Influence Functions Have a Built-In Delta Method

An important aspect of the influence function based method of obtaining an estimator asymptotic variance formula is that the standard delta methods used to obtain the asymptotic variance of a nonlinear transformation of an estimator or estimators is a “built-in” feature. For example, the usual classical method of obtaining the asymptotic variance of the standard deviation estimator is to first derive the sample variance asymptotic variance, which is the numerator expression in (43), and then use the delta method applied to the square root of the variance to obtain the divisor
$4{\sigma}^{2}$ in (43). With*IF* based method, the delta method is not needed. For the Sharpe ratio asymptotic variance, a more involved bivariate delta method, that requires the covariance matrix for the numerator and denominator estimates in the Sharpe ratio, has traditionally been used.^{6} But the result (44) is derived more simply and gives the same result as that obtained by the bivariate delta method. This aspect of the influence function approach for obtaining an asymptotic variance formula should not be totally surprising since both the influence function and the delta method involve a derivative linearization.

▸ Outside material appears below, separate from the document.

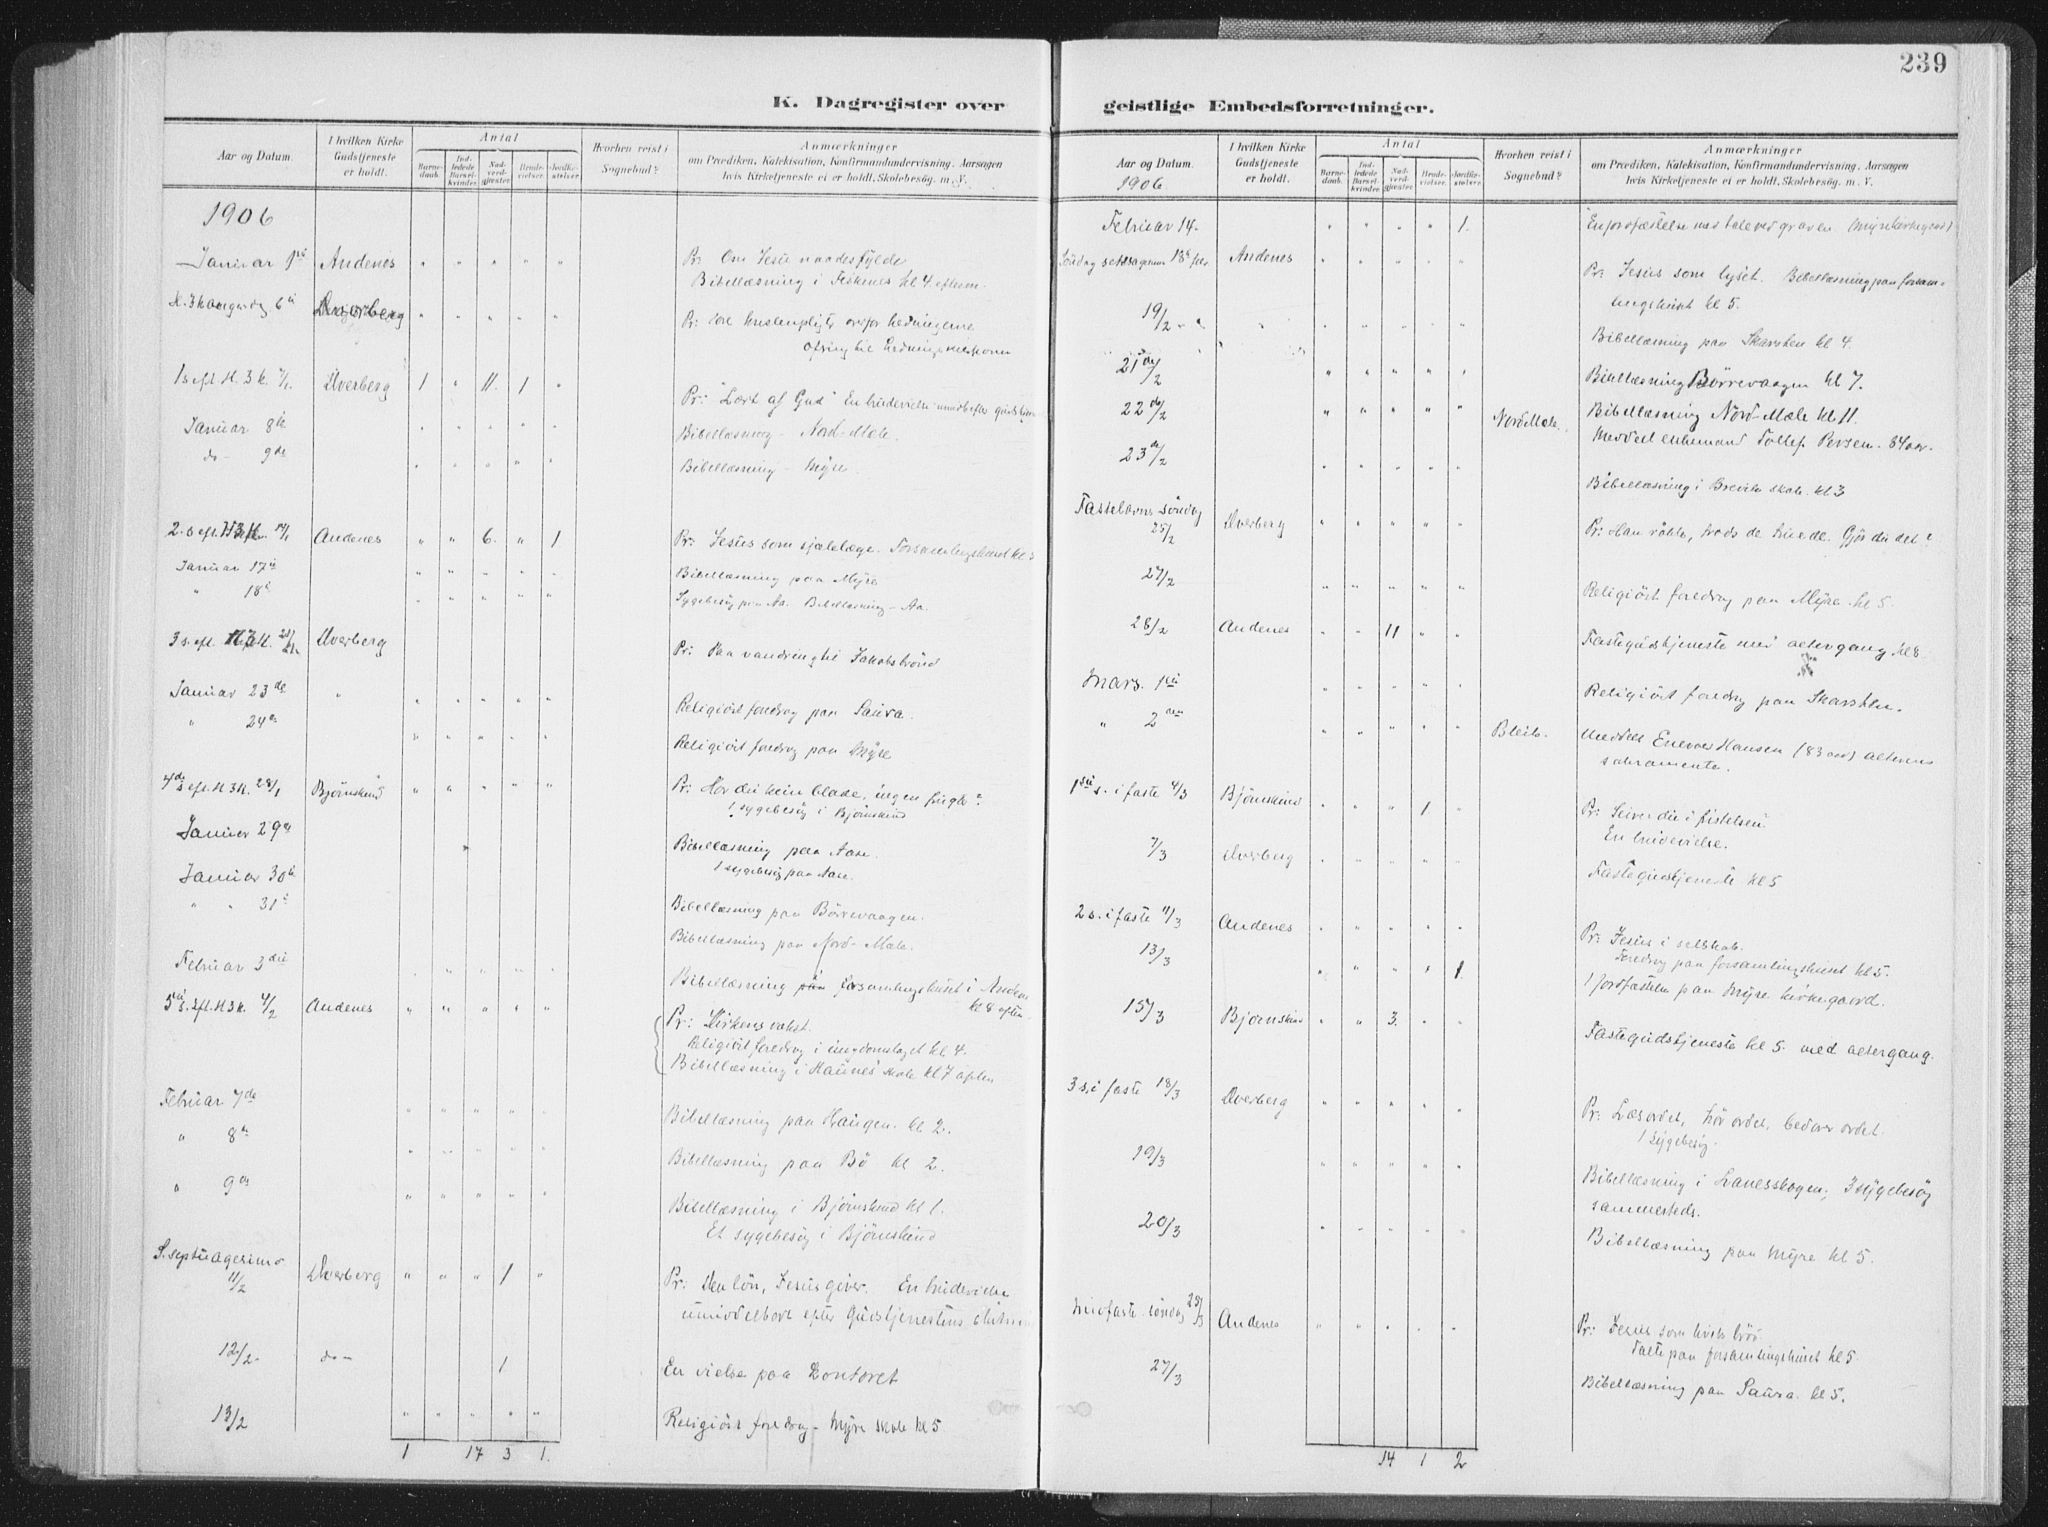 SAT, Ministerialprotokoller, klokkerbøker og fødselsregistre - Nordland, 897/L1400: Ministerialbok nr. 897A07, 1897-1908, s. 239

5.2. SE Computational Alternatives

The SE computational method (42) based on deriving an asymptotic variance expression using (40) is a common method of computing an estimator standard error. A very simple alternative to that approach that does not require use of the asymptotic variance formula is to use the sample mean estimate of (39) with the unknown risk or performance value and *IF* nuisance parameters replaced by their sample estimates. The resulting estimator *direct IF* *based* standard error formula is

$S{E}_{dirIF}\left({\stackrel{^}{\theta}}_{n}\right)=\frac{1}{\sqrt{n}}\cdot {\left[\frac{1}{n}{\displaystyle \underset{t=1}{\overset{n}{\sum}}}\text{\hspace{0.05em}}\text{\hspace{0.05em}}I{F}^{2}\left({r}_{t};{\stackrel{^}{\theta}}_{n}\right)\right]}^{1/2}$ (45)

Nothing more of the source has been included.